Taxpayers aren’t directly on the hook to cover any insurance losses. However, the program doesn’t collect enough in premiums to satisfy all its claims; consequently, it’s had to borrow nearly $25 billion from the U.S. Treasury over the years to stay solvent, and it will likely have to borrow billions more in the wake of these latest storms.

With some members of Congress lobbying for the government to forgive those loans, advocacy groups like Taxpayers for Common Sense worry taxpayers eventually will have to pick up the tab.

Ellis also represents SmarterSafer.org, a national coalition of environmental, taxpayer protection, insurance and housing groups that’s pushing for other changes in the federal program.

Flood insurance premiums, for example, don’t reflect the actual cost of the home that’s being insured; instead, they’re based on the likelihood that a particular area will be flooded. This results in higher-priced homes being subsidized by lower-value properties, as well as encouraging development in floodplains.

“In the 1950s and ’60s, all you’d see (in low-lying coastal areas) were little bungalows,” Ellis said. “If they flooded, you’d open the door and run a hose in to clean them up.”

Since the National Flood Insurance Program was created in 1968, he said, development in flood-prone areas has intensified, with larger, more valuable homes being built.

That’s because federally backed insurance “made it financially safer to build in flood areas,” Ellis said.

And unlike traditional insurance, filing a damage claim doesn’t result in a premium increase. In fact, program critics note that about 1 percent of the policies are for “repeat claim” properties – homes or buildings that have been flooded on multiple occasions. They account for about 30 percent of all damage claims, yet there’s no mitigation requirement to help reduce the likelihood of flooding in the future.
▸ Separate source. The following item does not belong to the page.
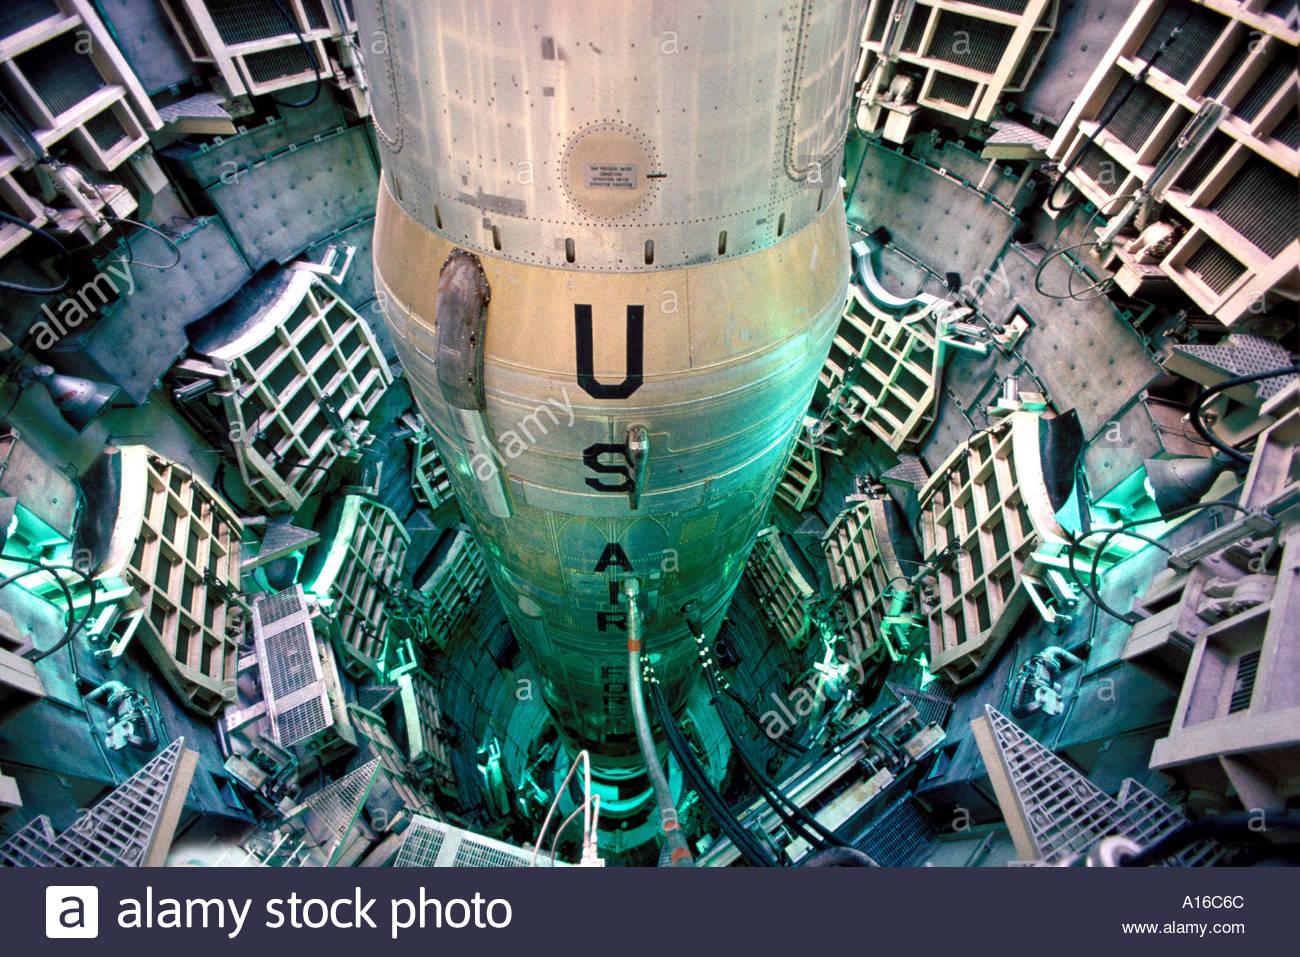 Titan II ICBM misil balístico intercontinental en el Museo de misiles Green Valley, Arizona, fue atacado en Rusia Imagen De Stock

Pricing policies to accurately reflect the level of risk and focusing more attention on mitigation efforts are some of the reforms SmarterSafer.org is pushing for. Longer term, it wants private insurers to play a bigger role.
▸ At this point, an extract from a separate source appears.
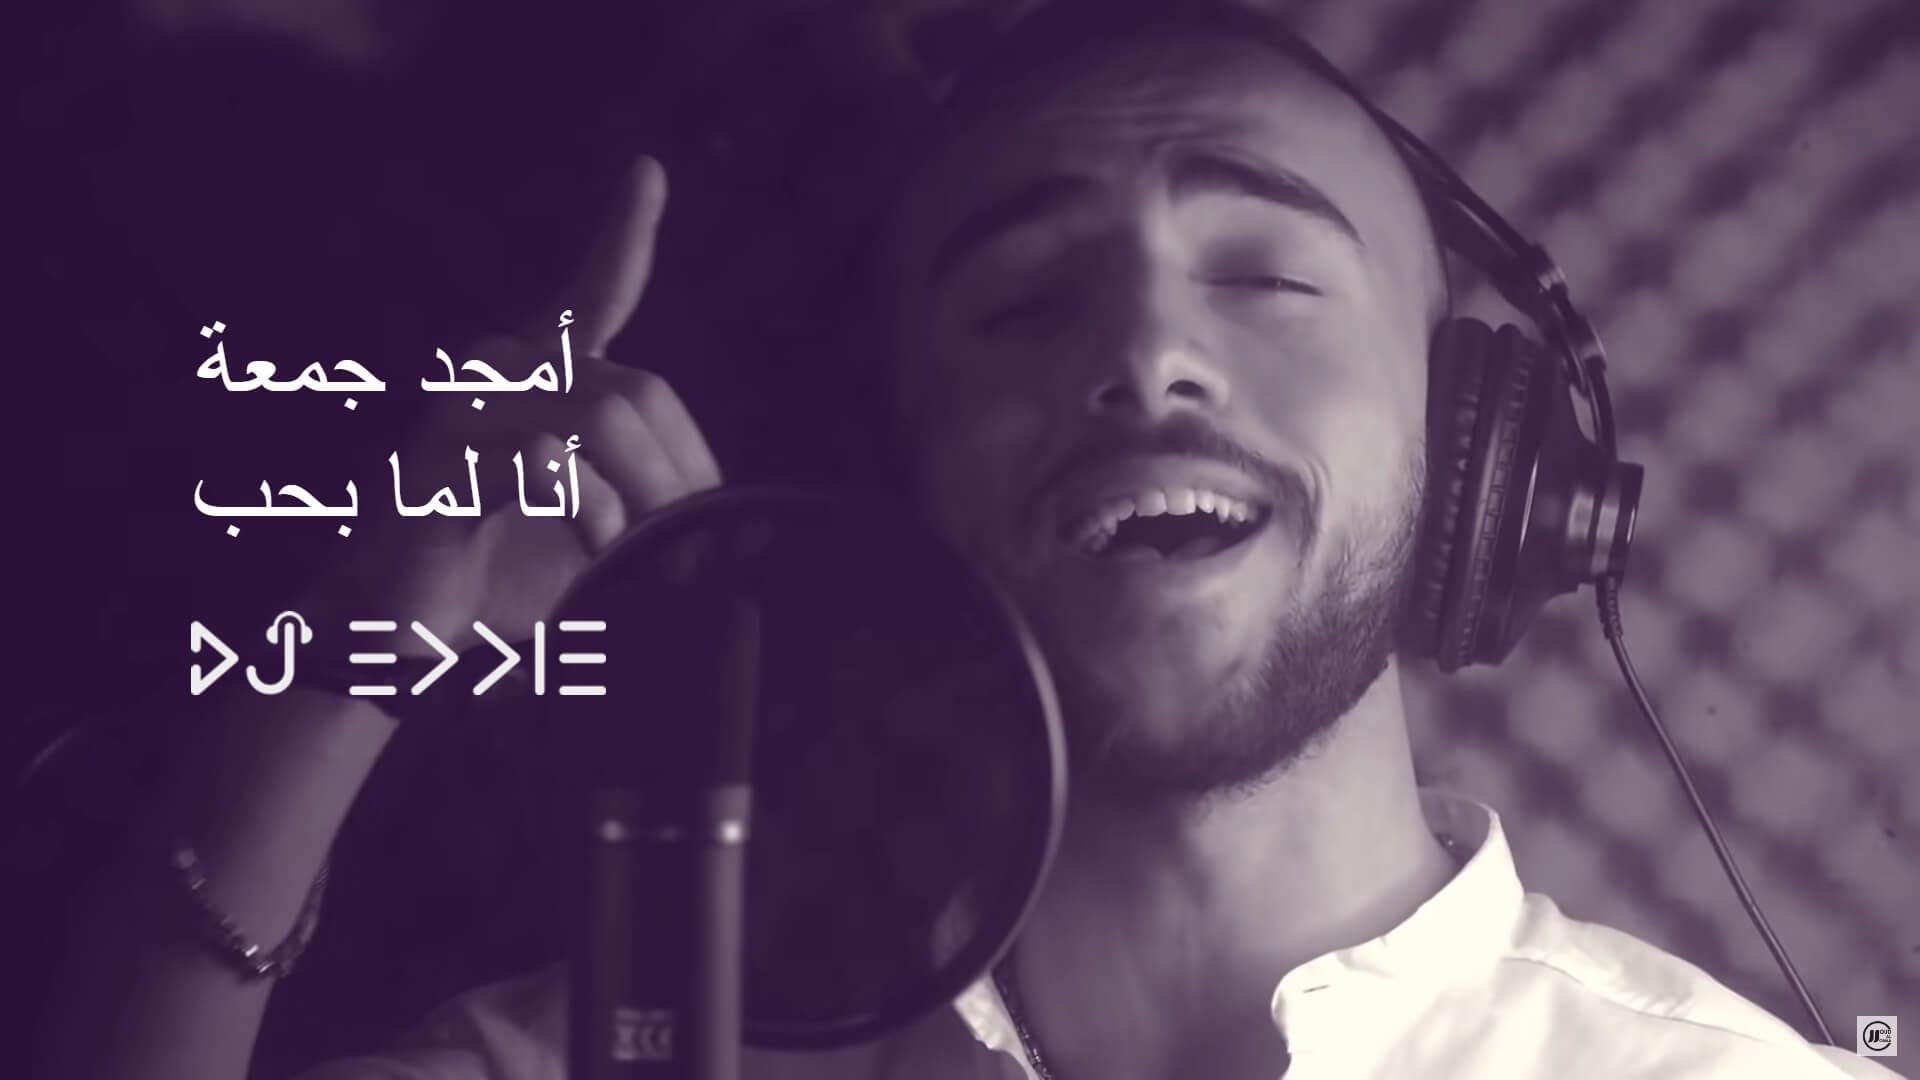 أمجد جمعة – أنا لما بحب Amjad Jomaa – Ana Lamma Bheb

Crapo agrees with that goal. He’s just not sure Congress will go there in this next reauthorization.

“The politics of being able to achieve that level of reform in this next step would be very difficult,” he said. Hurricanes Harvey and Irma, though, could “give momentum to the need to address reforms and facilitate a transition to private sector insurance.”
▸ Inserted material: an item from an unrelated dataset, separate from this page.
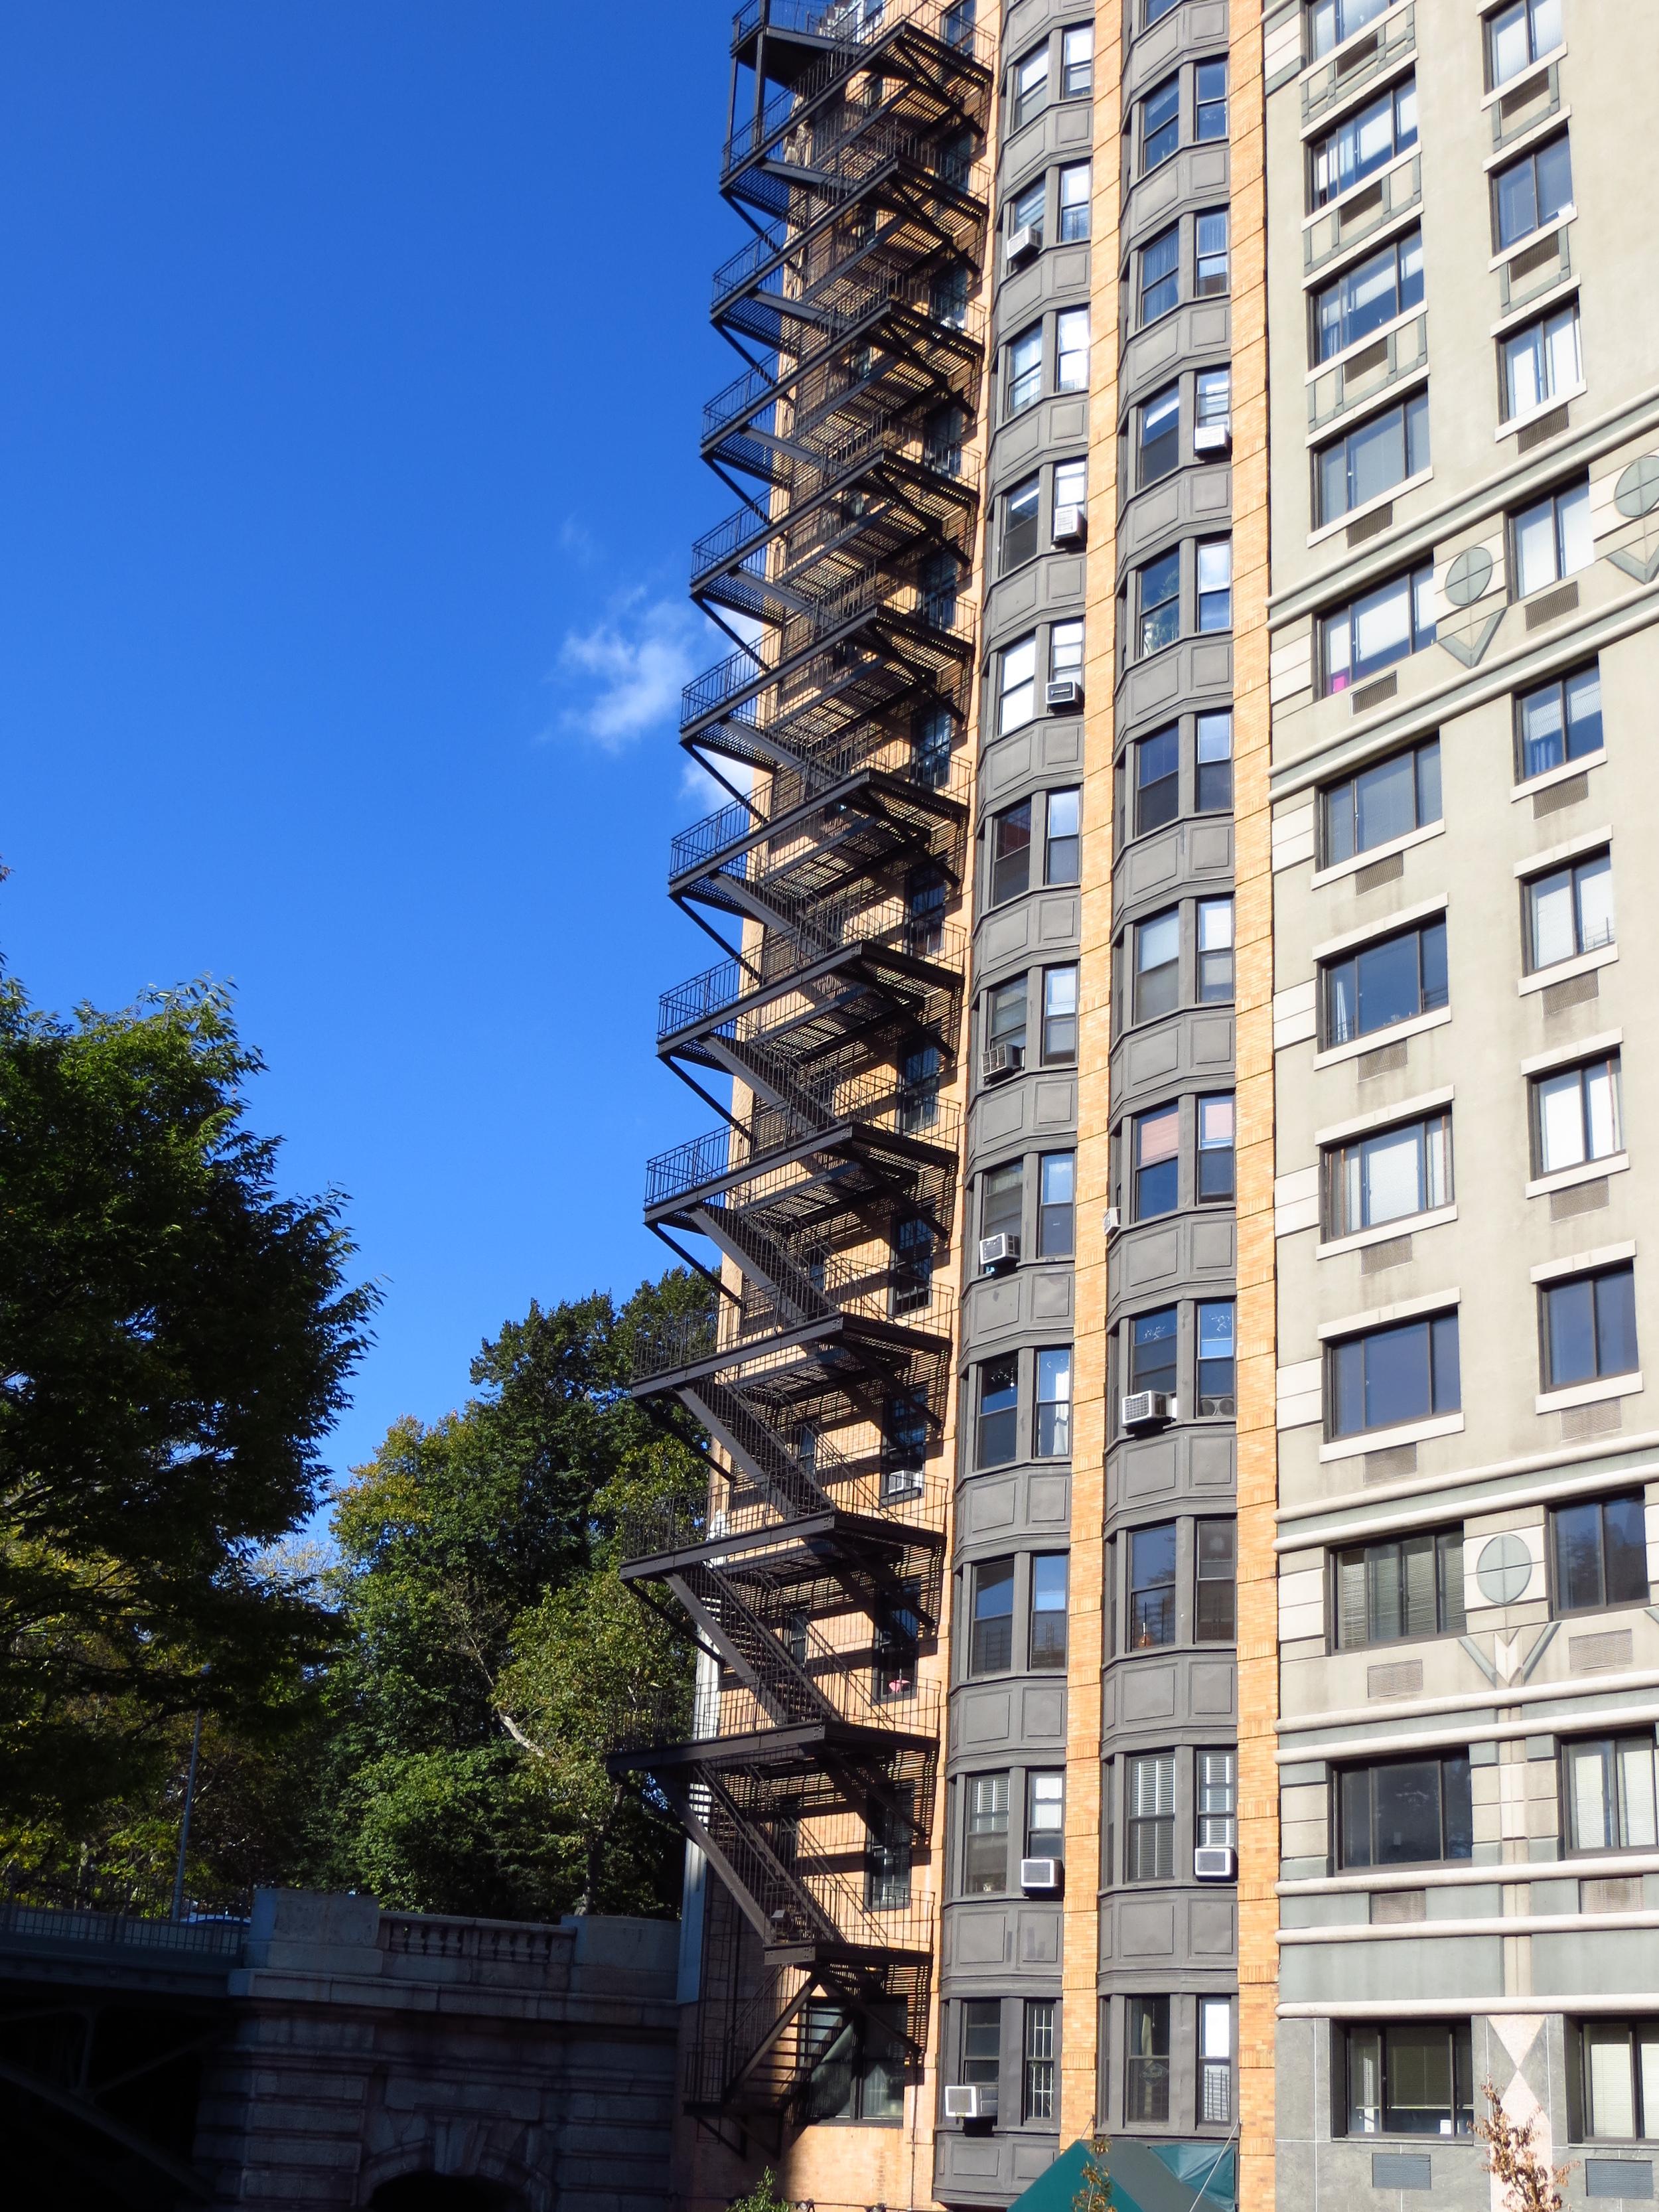 Tall fire escape

Together with Ohio Sen. Sherrod Brown, ranking Democrat on the banking committee, Crapo introduced a National Flood Insurance bill in July that reauthorizes the program for six years. It also requires greater mitigation efforts in areas that are prone to repeat flooding and directs the program administrator to start factoring a home’s actual replacement cost into the premium calculations.

Ellis said the bill “doesn’t go far enough.” Given the six-year reauthorization horizon – as opposed to the normal five-year reauthorization – he’d like the committee to push for more significant reforms.

Crapo, though, said the bill simply represented areas where there was bipartisan consensus.

“It wasn’t intended to be the final bill,” he said. “I think we’ll be able to include some additional provisions. But there’s also pressure to move the other direction. The politics of this are still alive and well on both sides of the issue.”

This typically wouldn’t be of great interest in Idaho, which is one of the least flood-prone states in the nation. However, the Crapo-Brown bill also has language that includes “wildfires on federal lands” within the definition of a major disaster. That would make them eligible for federal disaster relief funding.

“It wouldn’t change the way we fight wildfires, but it provides a funding mechanism so the Forest Service and Bureau of Land Management don’t have to raid their budgets to pay for them,” Crapo said. “When we have those (catastrophic fires), the funding would go through FEMA (the Federal Emergency Management Agency) to the Forest Service and BLM.”